По интонации произнесенных слов, по блеску усталых, покрасневших от морской воды и недосыпания глаз командор Скочек все понял, а в глубине души он даже гордился своими молодыми коллегами. Командор знал, что, пока работает хоть одна турбина, моряки не позволят, чтобы их боевой корабль тащился за буксиром, как безвольный теленок.

— Понимаю. Но ведь связи с берегом у вас нет?

— Разрешите доложить, гражданин командор, связь будет.

Подпоручик Сломка сказал это так решительно, что даже Линецкий посмотрел на него с удивлением, а что уж говорить о командоре Скочеке, который к молоденькому замкомандира относился несколько скептически из-за его, как он любил говорить, «профессорских» замашек. «Вот так профессор, смотрите, как вырос, не ожидал, не ожидал!» — подумал он.

Подпоручик Сломка, на которого так неожиданно свалились обязанности командира корабля, считал делом чести справиться с ними как можно лучше. В течение всего лишь нескольких часов, в отсутствие Соляка, этот молоденький и, казалось, по-девичьи робкий офицер вдруг словно возмужал, стал более решительным и твердым. К тому же он заметил, что его близкие друзья — Линецкий и хорунжий Болек Кактус, которые раньше не могли пропустить случая, если, конечно, были с ним один на один, чтобы не прокомментировать его указаний или даже посмеяться над ними, — теперь принимали их по-уставному, как от Соляка. Даже боцман Стрыяк старался своей огромной фигуре придать в разговоре со Сломкой уставной вид, как это он делал в присутствии командира. Не мог также Сломка не заметить, с какой серьезностью к нему относится командир дивизиона. Это начинал действовать определенный уставом военный порядок, по которому всегда и везде командир не только имеет самые большие права, но и несет полную ответственность за все, что происходит на корабле. Один только боцман Домбек не должен был менять своего отношения — он, как всегда, был спокоен, серьезен, готов к любой работе, если нужно, помогал добрым советом.

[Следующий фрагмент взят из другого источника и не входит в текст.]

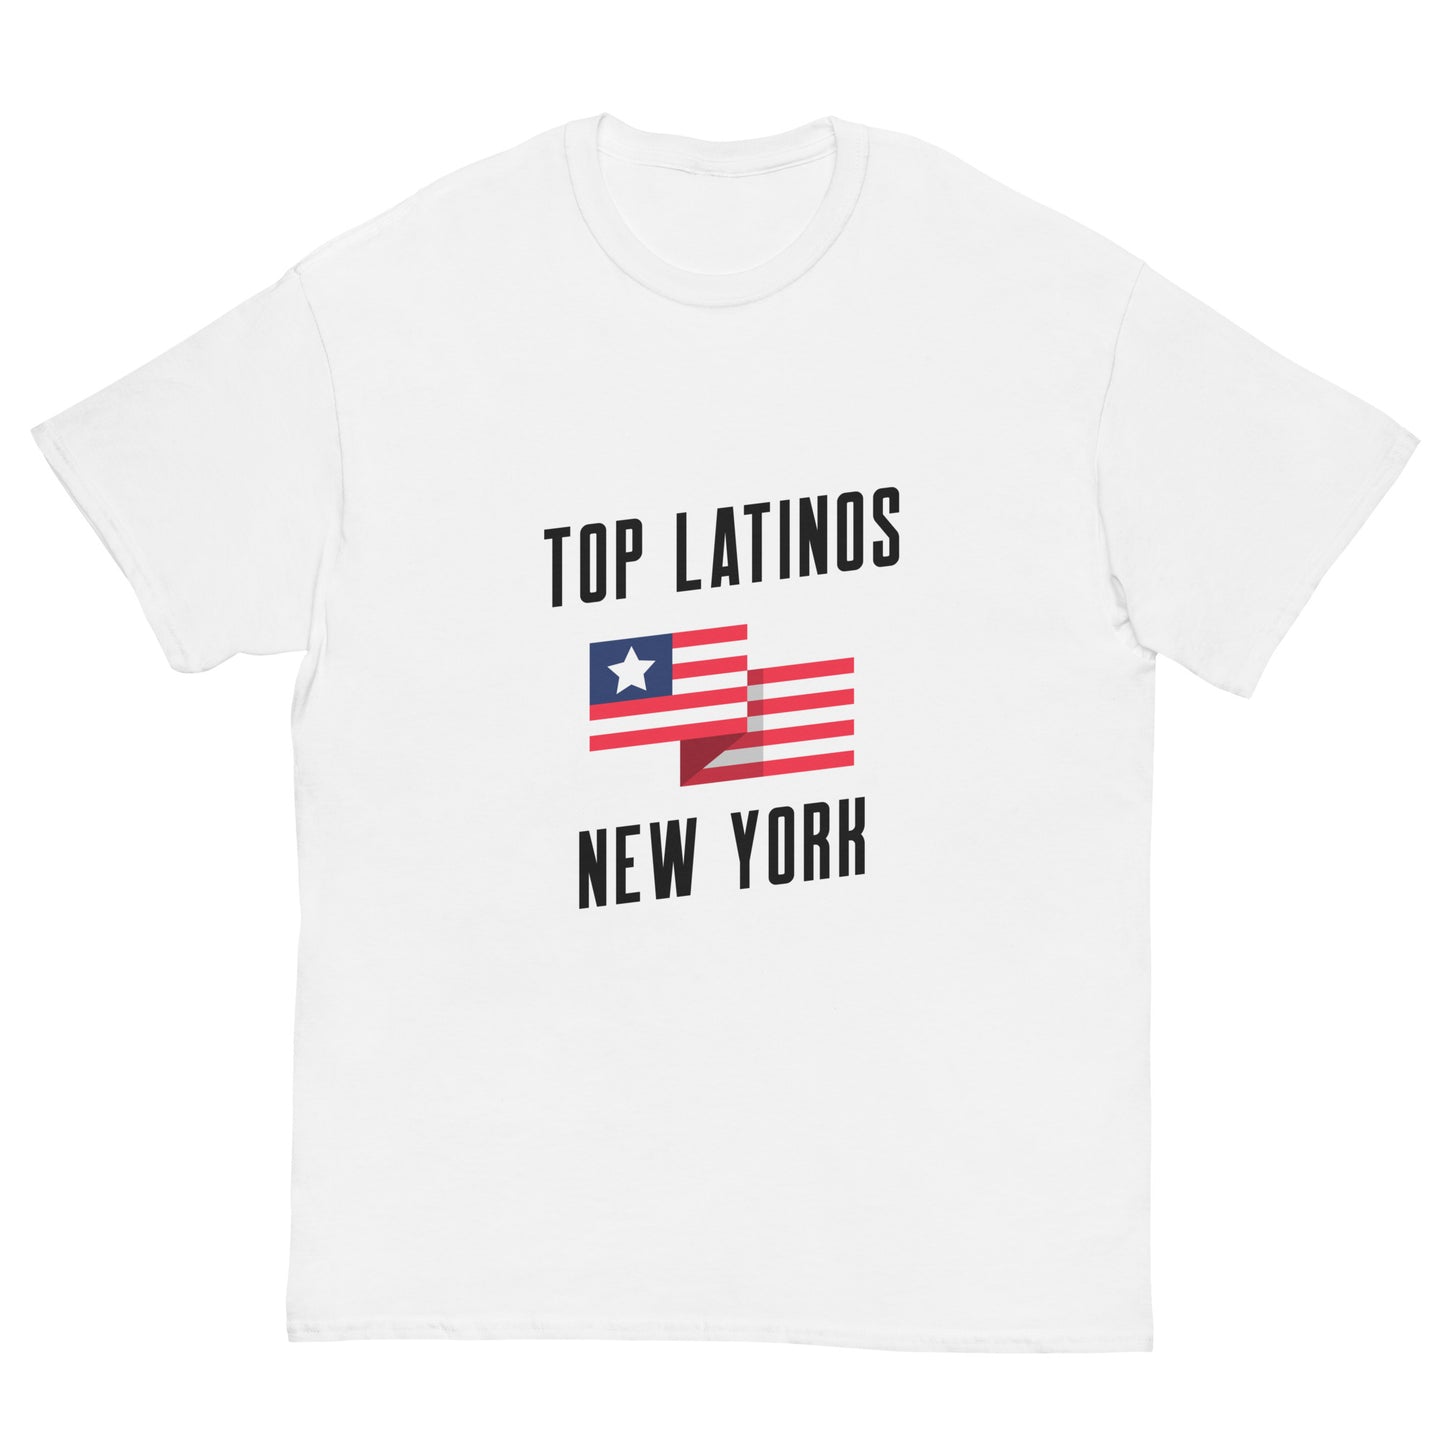 Top Latinos New York classic tee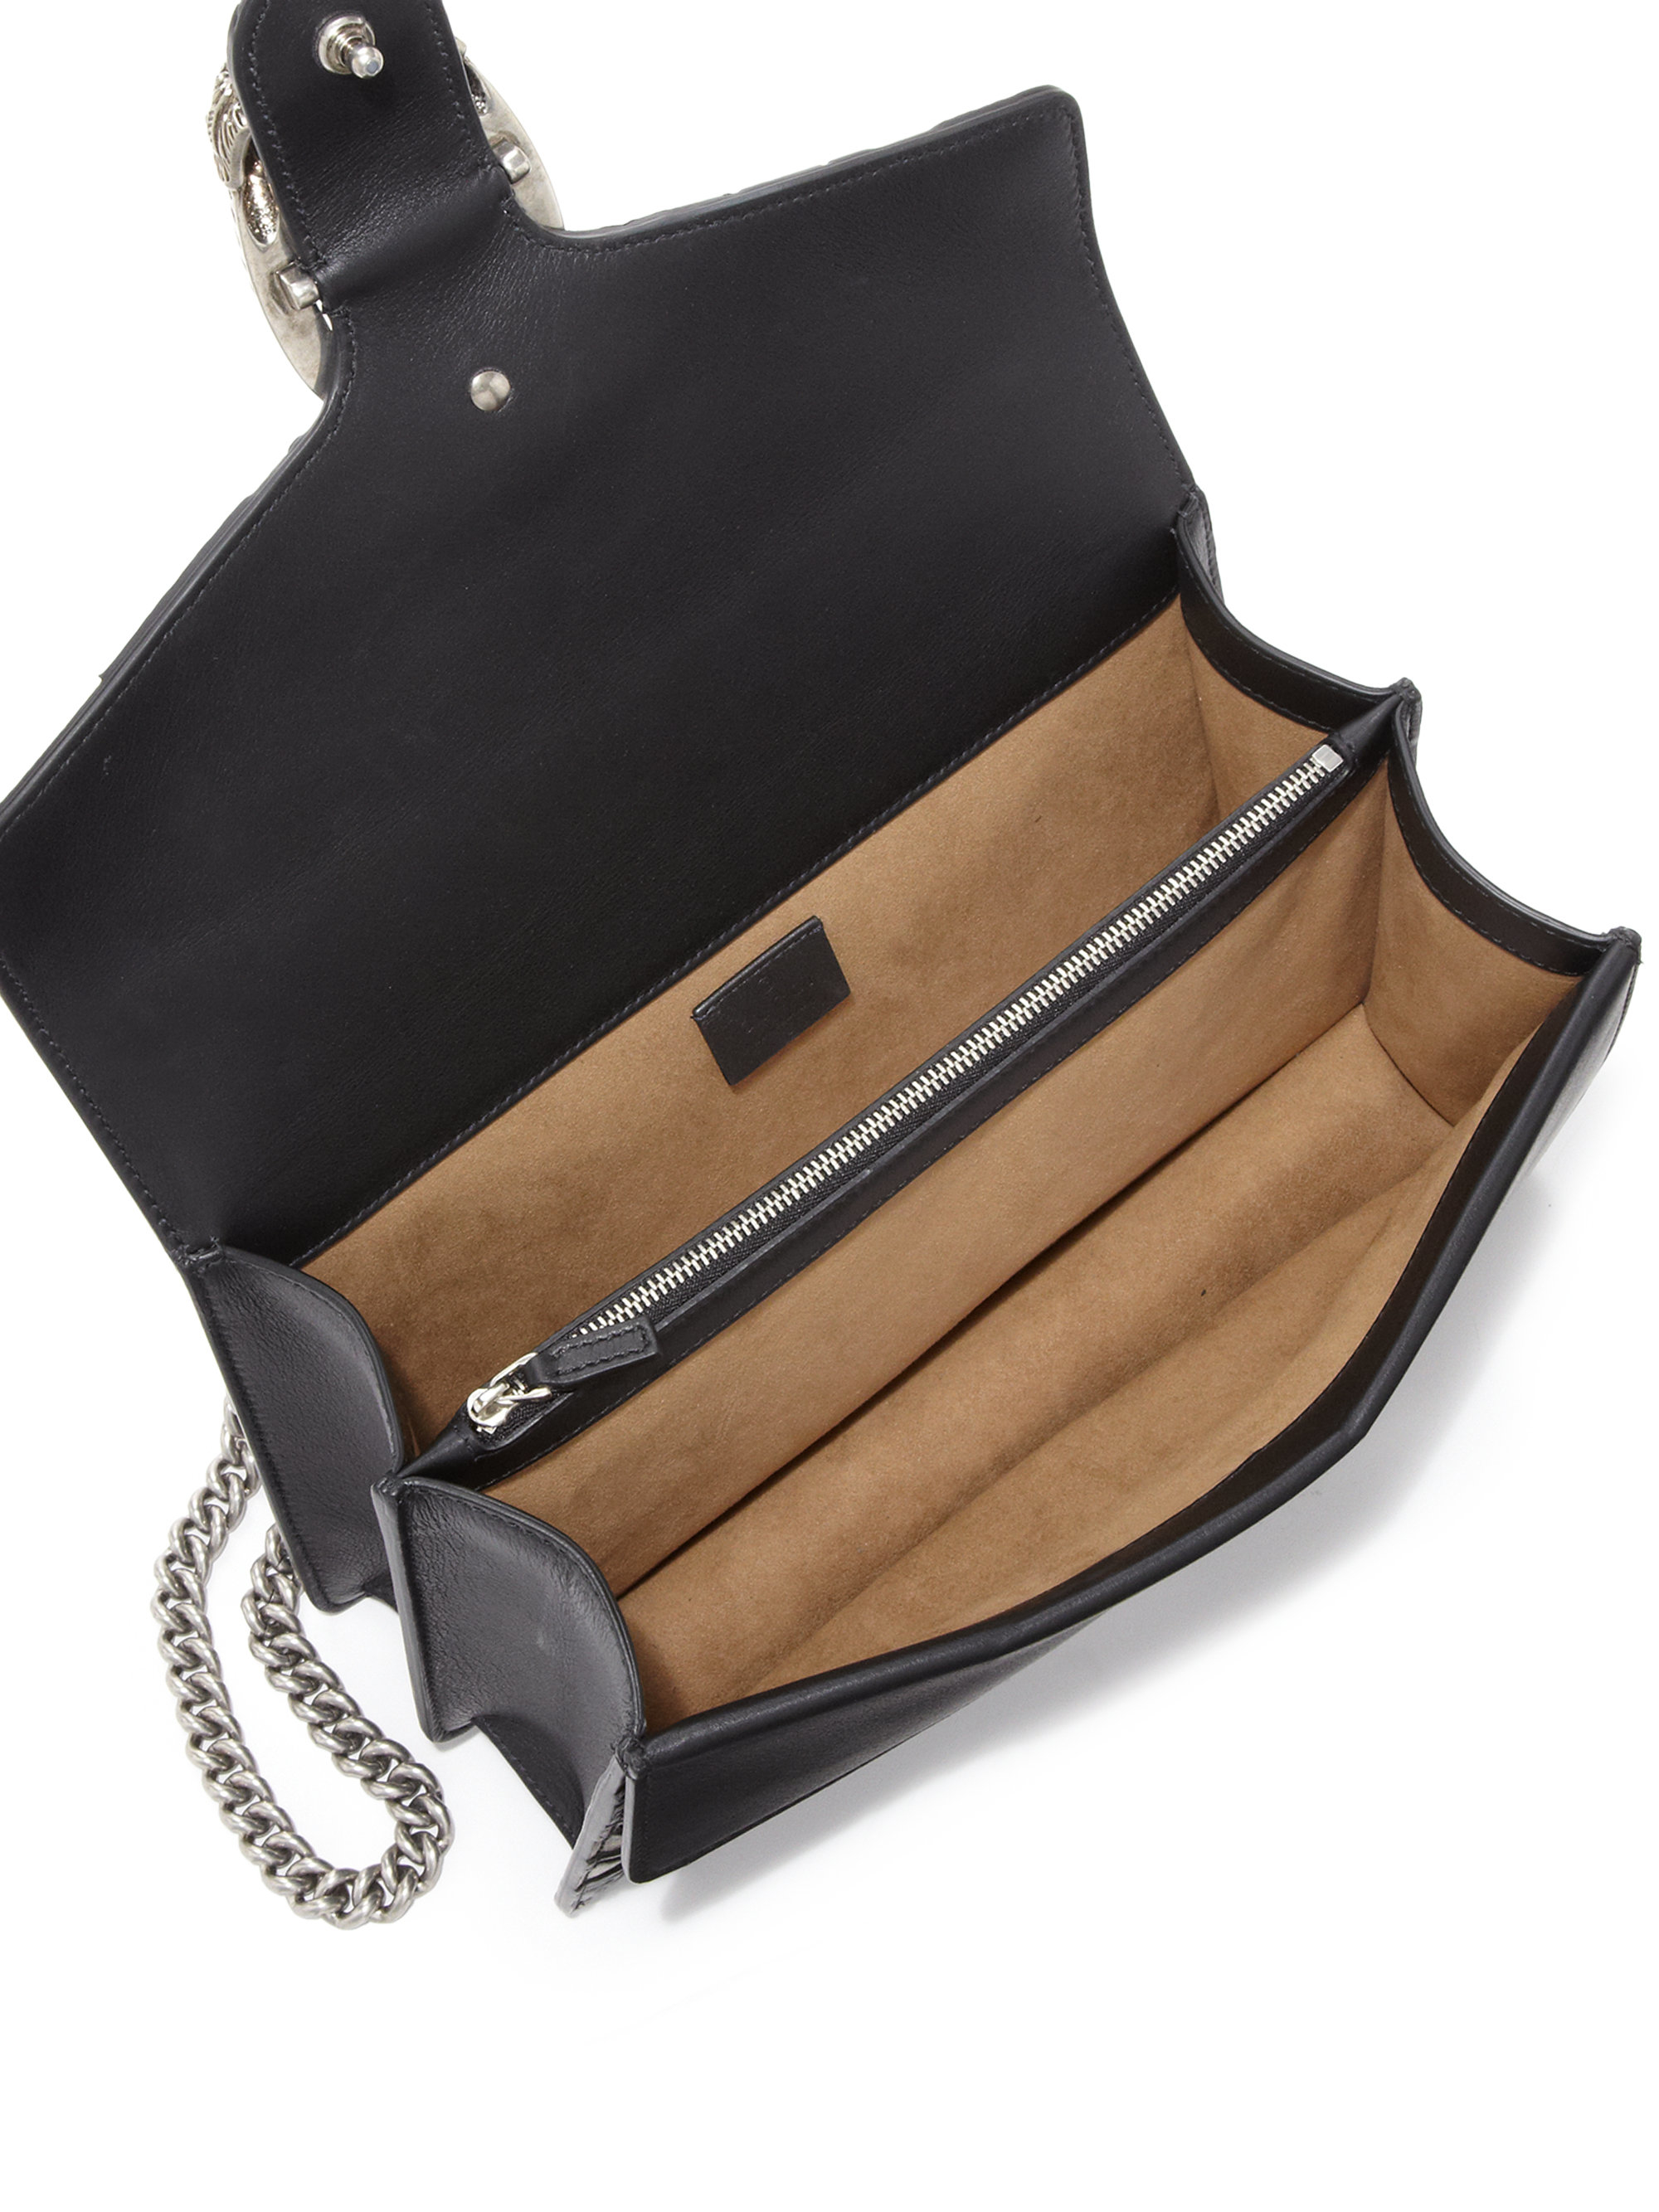 Gucci Dionysus Small Arabesque Shoulder Bag in Beige-Black (Black) - Lyst

Вот в таком составе они и сидели утром, после отъезда командора Скочека, в каюте замкомандира и решали, с чего начать, чтобы как можно скорее подготовить «Морус» к выходу в море. Горячились, перебивали друг друга и в конце концов сошлись на одном: связь!

— Пока Болек не наладит связь, и думать нечего о выходе в море.

— Это ясно, но я не могу гарантировать, что сделаю ее через час или два: все промокло, сгорело, нужно менять целые блоки.

— Но хотя бы запасные у тебя есть?

— Есть.

— Ну так в чем проблема? — горячился Линецкий. — Пойдем посмотрим.

— Мы сами только и делаем, что смотрим, даже глаза на лоб лезут, — обиделся Кактус, ревниво относящийся к своему радиохозяйству.

— Успокойтесь, успокойтесь. Командор Скочек дал понять, что, если нам удастся наладить связь, мы сможем идти на базу своим ходом. Впрочем, еще неизвестно, разрешит ли нам это сделать комиссия, которая вот-вот должна прийти на корабль.

— Комиссия, какая еще комиссия? У нас столько работы, только успевай поворачиваться, а тут придут какие-то люди и будут у тебя под ногами болтаться… — распетушился Стрыяк.

Сломка не дал ему закончить:

— Хорошо, хорошо, гражданин боцман. Мы тут ничего изменить не можем. Придет комиссия, и у меня к вам просьба, товарищи, чтобы на корабле был полный порядок. Делаем так. Болек Кактус любой ценой налаживает связь. Поручик Линецкий ему поможет. Хорошо, Славек?

— Если Болек не будет говорить, что я отнимаю его хлеб…

— Перестань болтать глупости, — махнул рукой Кактус.

— А ты, Леня, знаешь, что надо делать?

— Так точно, пан поручик.

— Кто очень устал, пусть пару минут вздремнет — и за работу. Командир нам не простит, если мы допустим, что нашего «Моруса» поведут на буксире…

Комиссия из трех человек появилась на корабле вскоре после церемонии поднятия флага. Возглавлял ее высокий, худой, с небольшой лысиной командор-подпоручик Полецкий из штаба, а кроме него в состав комиссии входили командор-подпоручик Зярно из политуправления флота и командор-подпоручик инженер Дрозд из технического управления. Как велит морской обычай, подпоручик Сломка встретил высших офицеров у трапа и доложил председателю о том, чем занимается команда. Полецкий поздоровался с ним, кисло улыбнулся и, как холодной водой, окатил молодого офицера вопросом:

— Так вы еще, оказывается, на воде держитесь? Ну-ну.

Порозовев, Сломка и не подумал принять вопрос командора за шутку. Лихо поднес пальцы к фуражке и, как на параде, без запинки доложил:

— Гражданин командор, докладываю, что ракетный корабль «Морус» готов к выходу в море и к выполнению поставленных перед ним задач.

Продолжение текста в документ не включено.